Жизнь и приключение в тайге
Совершенно исключителен охваченный Пржевальским круг явлений природы. Ему выпало на долю великое счастье созерцать самые разнообразные и противоположные картины: леса и болота Смоленщины и Волыни, мягкие равнинные пейзажи средней России, могучие полноводные сибирские реки, великолепные и пышные леса Дальнего Востока, скудные степи, мертвые пустыни и величественные хребты Центральной Азии — все это нашло свое отображение в сочинениях Пржевальского, и каждое явление, каждый пейзаж переданы и изображены с сохранением свойственных лишь им, индивидуальных и часто неповторимых особенностей. Вновь невольно вспоминается одна страничка К. А. Тимирязева. В статье «Естествознание и ландшафт» он писал о Тернере, который был его любимым художником и непревзойденным в его глазах, художником-пейзажистом. «Его предметом, — писал К. А. Тимирязев, — была решительно вся природа, во всех ее проявлениях: было ли то пасмурное зимнее утро на однообразной равнине или разгул стихий в Альпах, или шторм на море, и, прежде всего, солнце с ослепительной игрой света и красок во всех их бесконечных сочетаниях». И далее. «Он охватил как никто ни до него ни после него всю совокупность, все бесконечное разнообразие форм и явлений природы от изящных изгибов лебединой шеи или сверкавшей под водой рыбки до причудливой листвы и развертывания деревьев и застывших гигантов горных кряжей, от грозных движений стихий в альпийской буре или урагане на море до ослепительных эффектов непосредственного солнечного света или опаловых переливов занимающегося пожара догорающей вечерней зари, — словом, потому, что он был величайший изобразитель природы, какого видел мир с той поры, как изощренный глаз человека стал улавливать ее красоту, а искусная рука нашла тайну передавать другим эти впечатления» [76].

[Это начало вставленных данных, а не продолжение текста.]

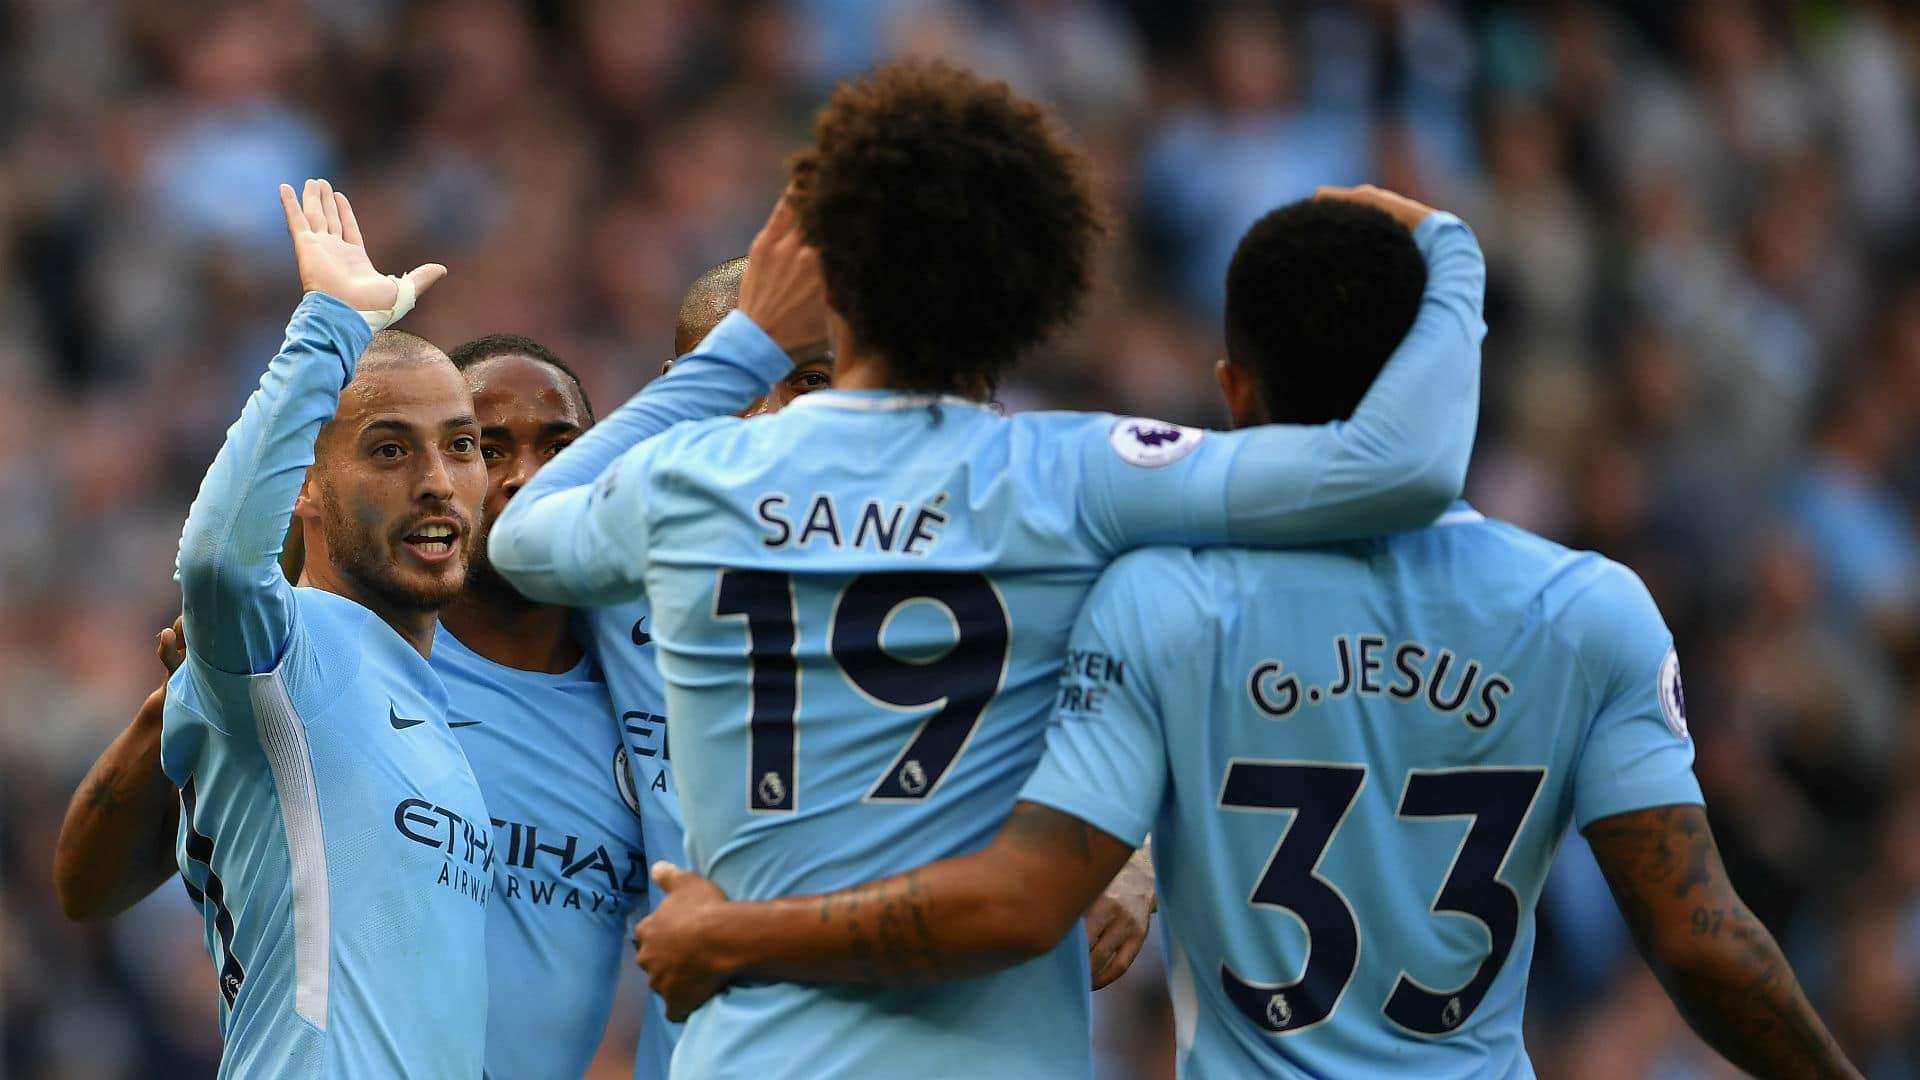 Elenco Do Manchester City Confira Os Jogadores Da Temporada 2020 2021
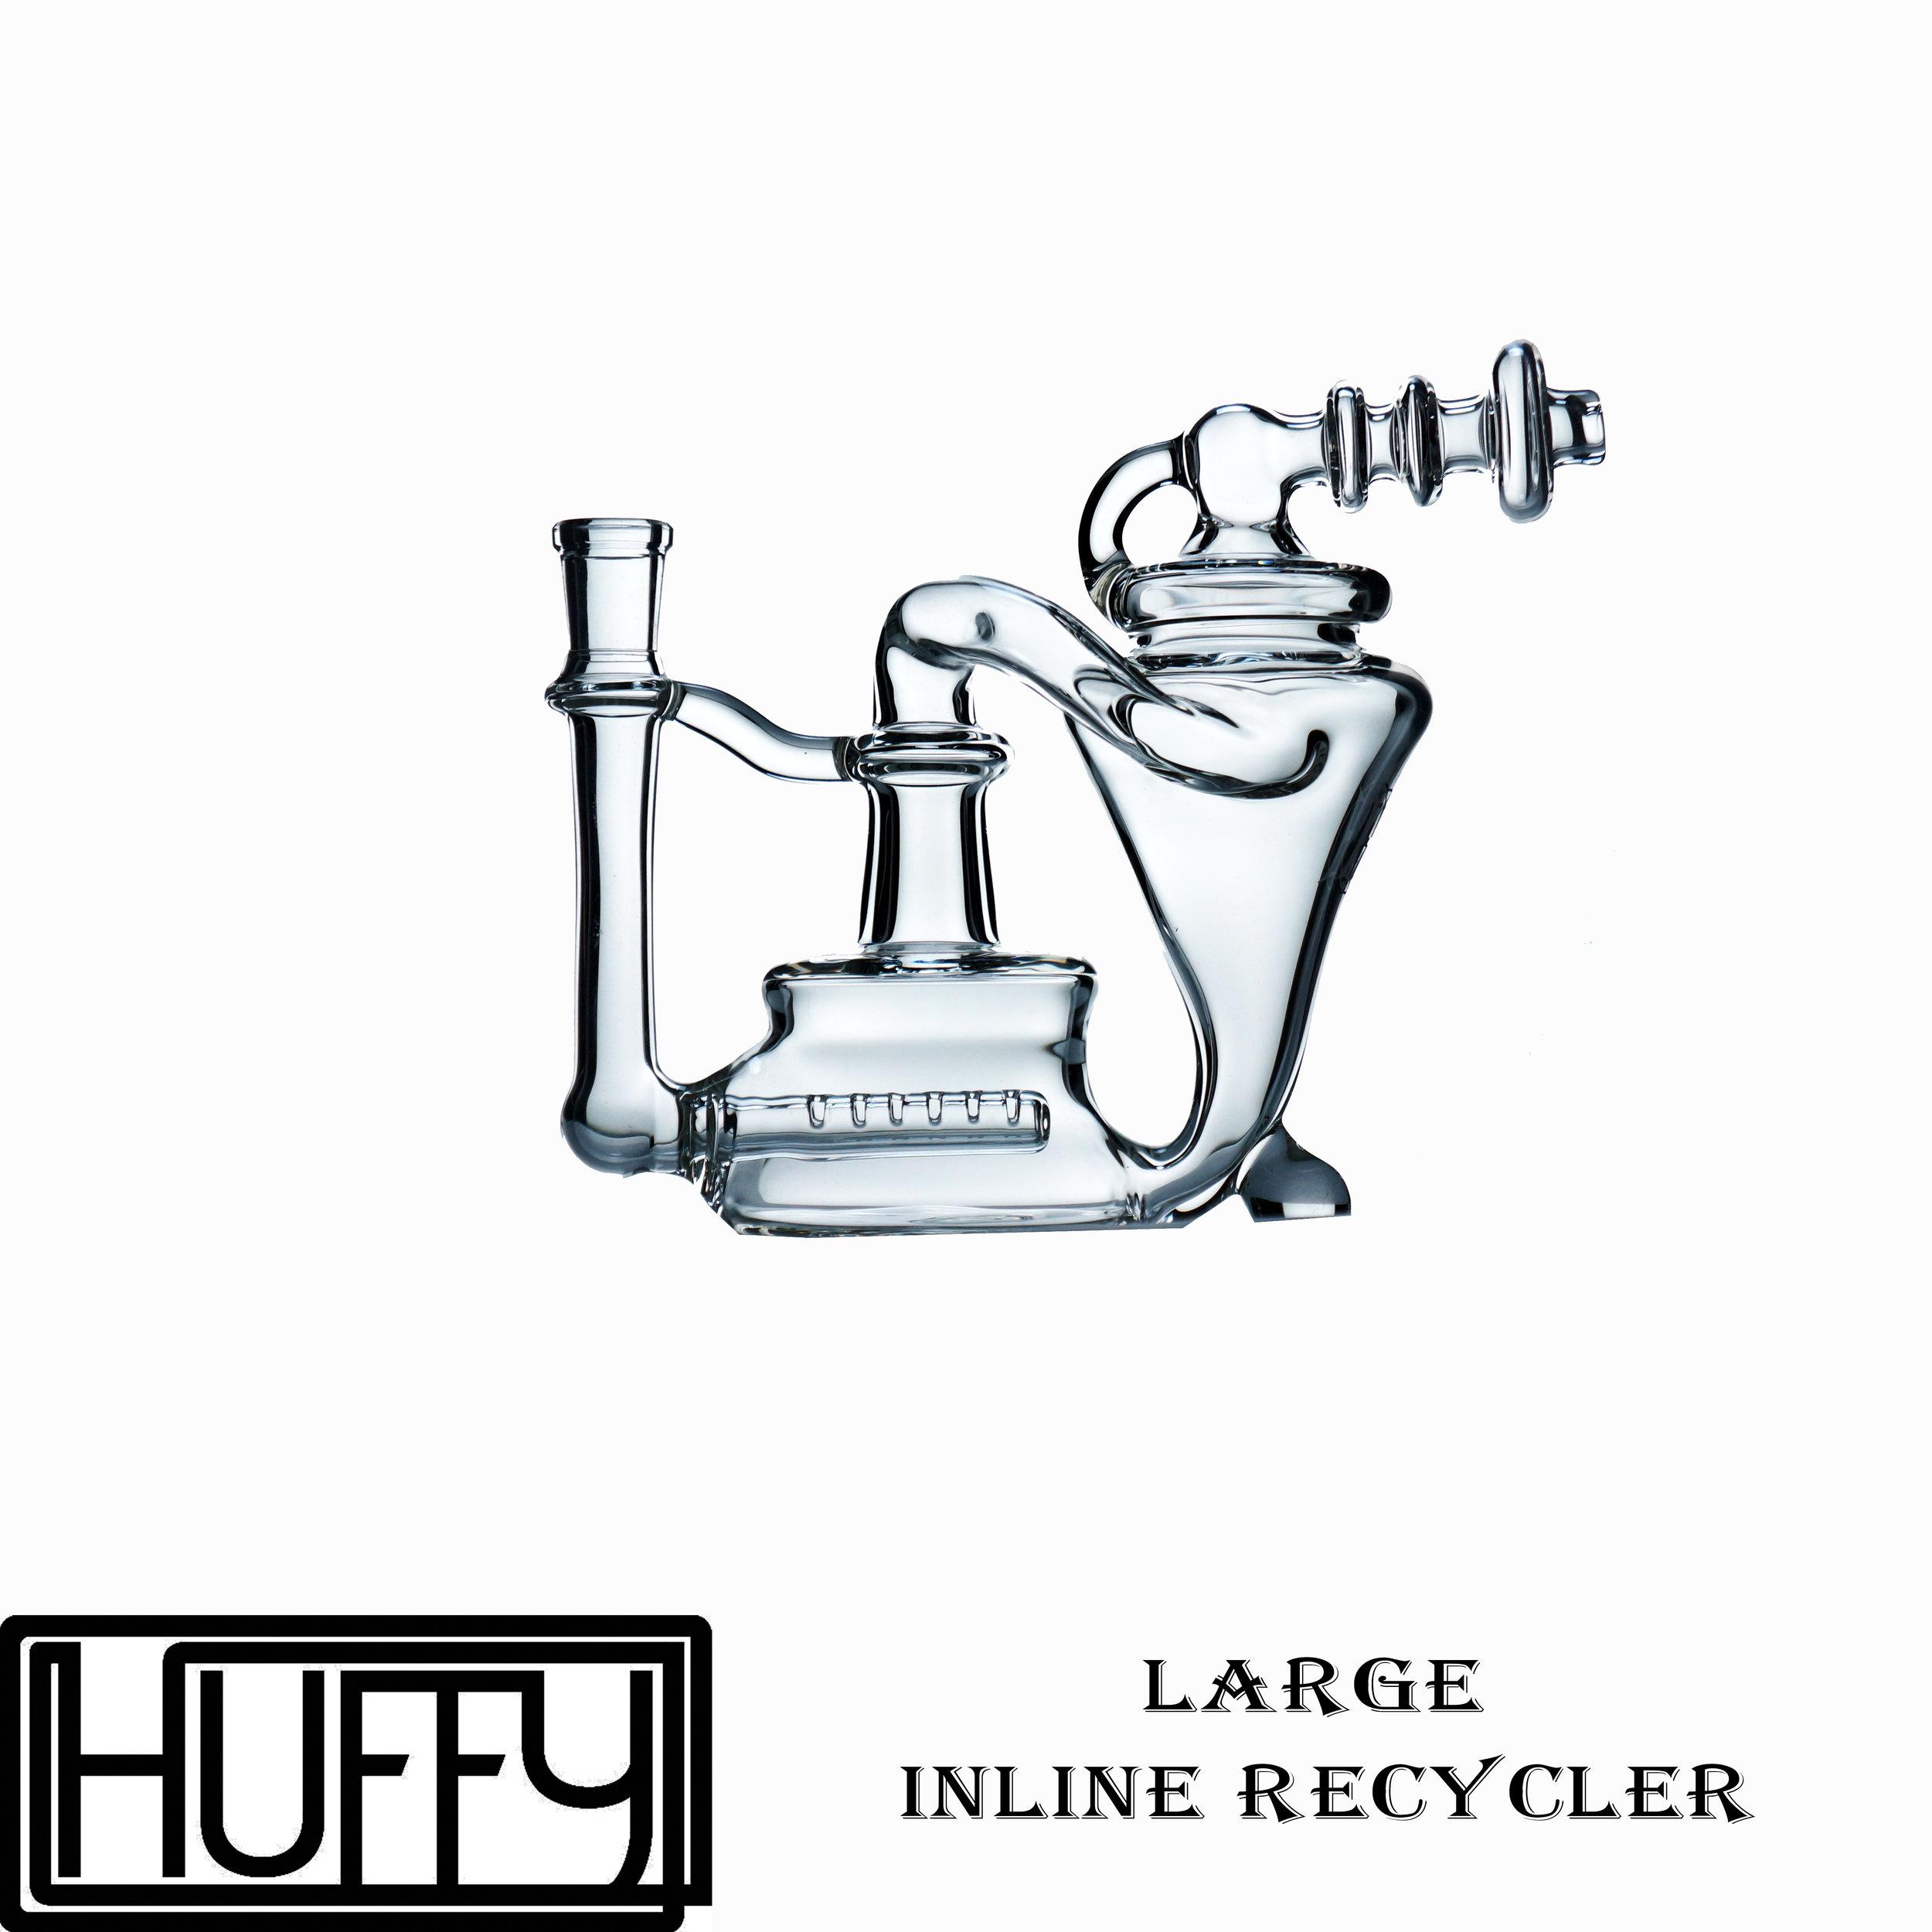 Medium Inline Recycler Whole Sale Price:160  Large Inline Recycler Whole Sale Price: $180

Эти строки, принадлежащие замечательному естествоиспытателю, великому знатоку природы, содержат не только глубокую и выразительную характеристику мастерства художника, но определяют и требования, которые можно предъявлять к художникам-пейзажистам: как живописцам, так и писателям. Пржевальский — не Тернер, сравнивать их не приходится, хотя бы уже потому, что различны и сферы их действий и задачи, которые они перед собой ставили. Но тимирязевская оценка Тернера является великолепной и выразительной аналогией, способствующей уяснению характера изображений природы у Пржевальского: их глубину, поэтичность, проникновенность и тщательную точность, позволяющую им сохранить в полной мере научно-документальное значение.
В нашу задачу не может входить подробный анализ стиля Пржевальского и всех особенностей его литературной манеры. Мы остановились на этом вопросе лишь для того, чтобы в целях дальнейшего изложения выяснить основной тип или вернее сказать основной тон его произведений и тем самым показать незаконность и необоснованность противопоставления понятий «ученый» и «писатель». Такое противопоставление всегда неправильно, в применении же к Пржевальскому оно сугубо ошибочно. Ответом на риторический вопрос: «может ли кому притти в голову считать Пржевальского писателем» должно выдвинуть тезис о Пржевальском как об одном из замечательнейших русских писателей.
В. К. Арсеньев продолжает литературную традицию Пржевальского и может быть назван самым ярким ее представителем. Выше было приведено суждение академика В. А. Обручева о книгах Пржевальского; его можно повторить, говоря и об аналогичных сочинениях В. К. Арсеньева. Более же всего сближает и роднит обоих авторов их отношение к природе. Их книги кажутся порой какими-то вдохновенными поэмами, сочетающими научную точность в описаниях с подлинным и глубоким лиризмом.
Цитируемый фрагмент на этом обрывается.